Sunday, August 01, 2004

Precipício

Sobre ele assentavam preocupações aceleradas, umas atrás de outras. Em cada uma, puxava um cigarro, acendia-o e logo outro tirava do maço, pois o primeiro já terminara. Ao lado, uma chávena de café arrefecia lentamente. Na expressão do seu rosto encovado encostava uma mão fechada e tensa, enquanto uma borra de cigarro caía sobre a mesa. Aquela rotina repetia-a há muitos anos, desde que decidira dar continuidade a um negócio de família.

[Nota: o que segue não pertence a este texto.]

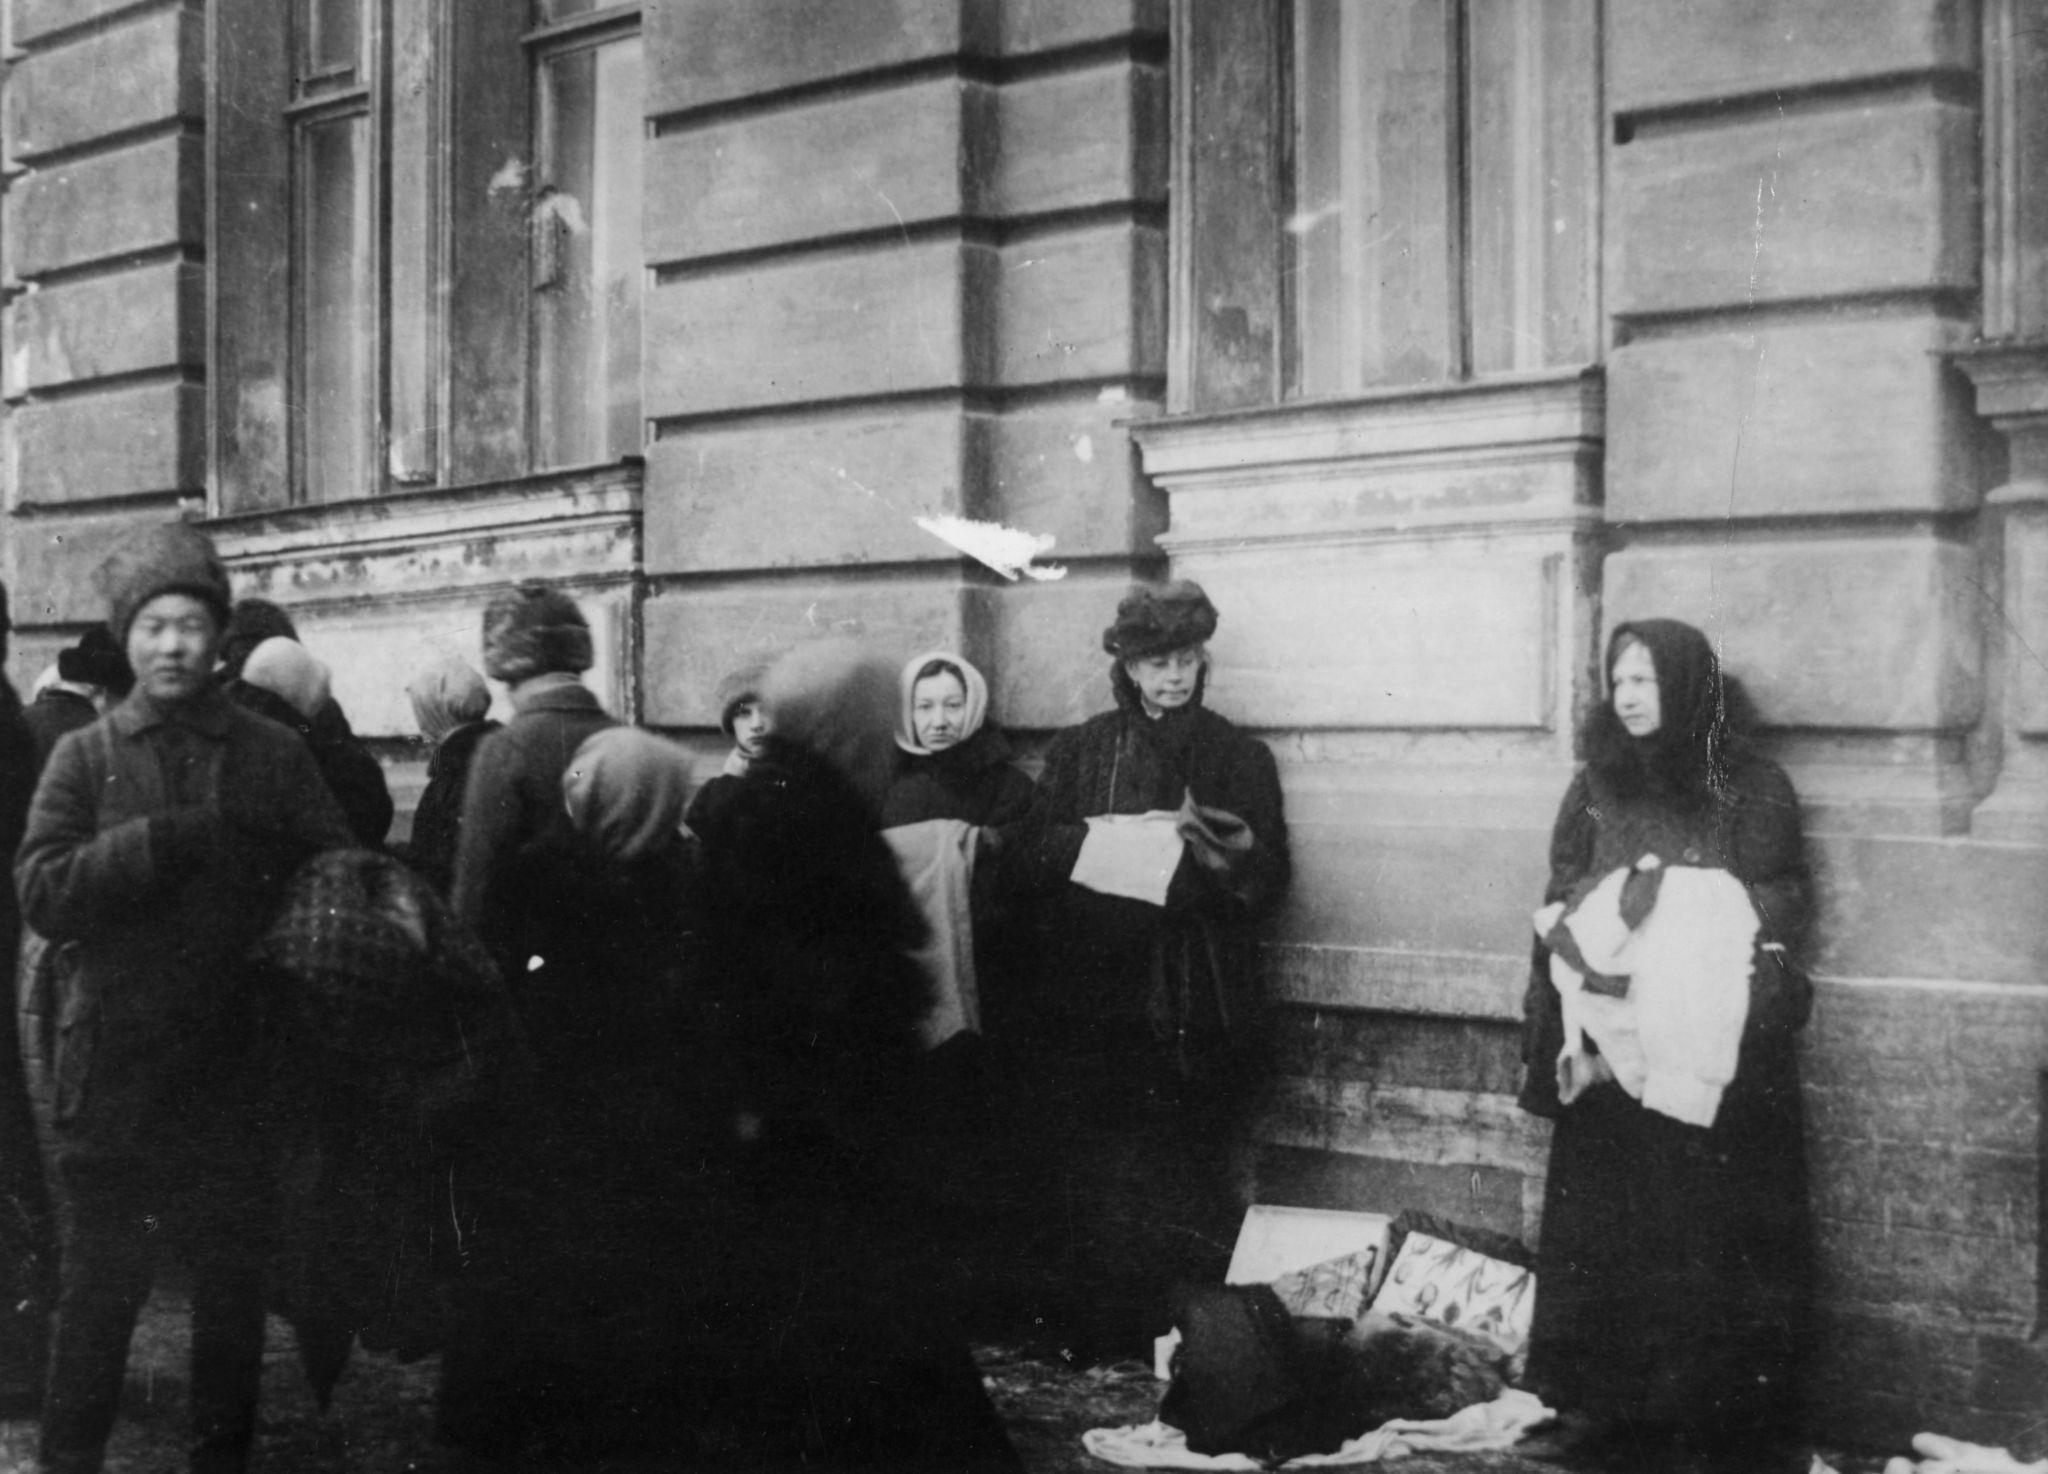 Люди покупают и продают свои товары на улицах Москвы, чтобы пережить эпоху военного коммунизма
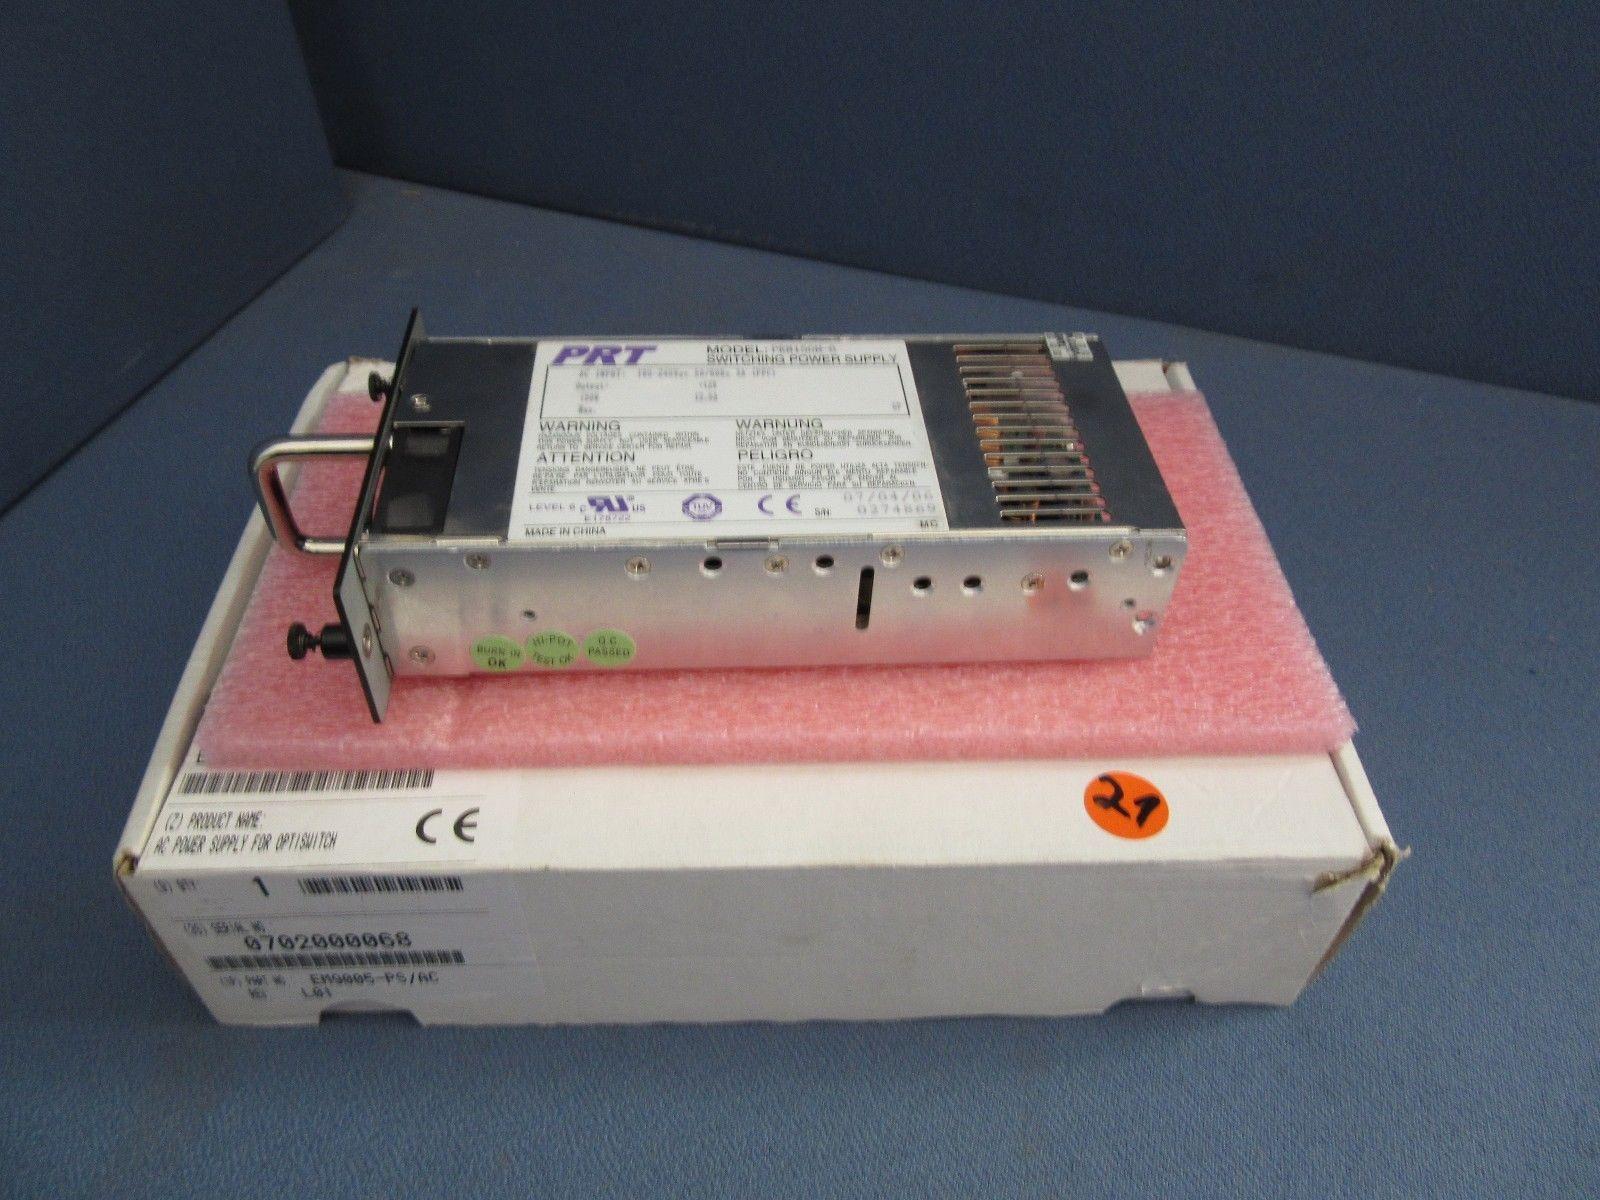 Ремонт импульсного блока питания PRN150M-6 (EM9005 PS-AC) - 5

Todos os dias saía de casa cedo. Deixava a mulher e os filhos ainda a dormir. Quando voltava, pela madrugada, o mesmo cenário de silêncio permanecia pela casa, como se não tivesse havido vida para aquelas pessoas.
Os problemas acumulavam-se à medida que cresciam os papéis no cimo da secretária, e os olhos mortiços de constantes insónias não lhe permitiam o discernimento que a sua actividade exigia.
Já não conseguia falar. Só gritava. O seu pensamento recuava, frequentemente, aos anos da juventude, quando ainda estava a concluir a sua licenciatura numa universidade estrangeira, para onde os seus pais quiseram que ele fosse, prática comum nas famílias da época com mais poder económico. Lembrava-se desses anos e as lágrimas corriam precipitadas na sua face, tal a nostalgia que as memórias lhe causavam. Tinham sido os melhores anos da sua vida, sem a cegueira do dinheiro que há mais de vinte anos o destruíam como ser humano. Não suportava mais aquela situação e tomou de imediato uma decisão.
Tudo aconteceu num dia frio de Outono, em que as folhas das árvores cobriam com a sua cor castanha a estrada. E lá ao fundo, numa ravina, apareceu um corpo desfeito e um papel dobrado dentro do bolso de um casaco que ficara sobre uma rocha. Nele estava escrito: Tal como este papel a vida tem duas partes.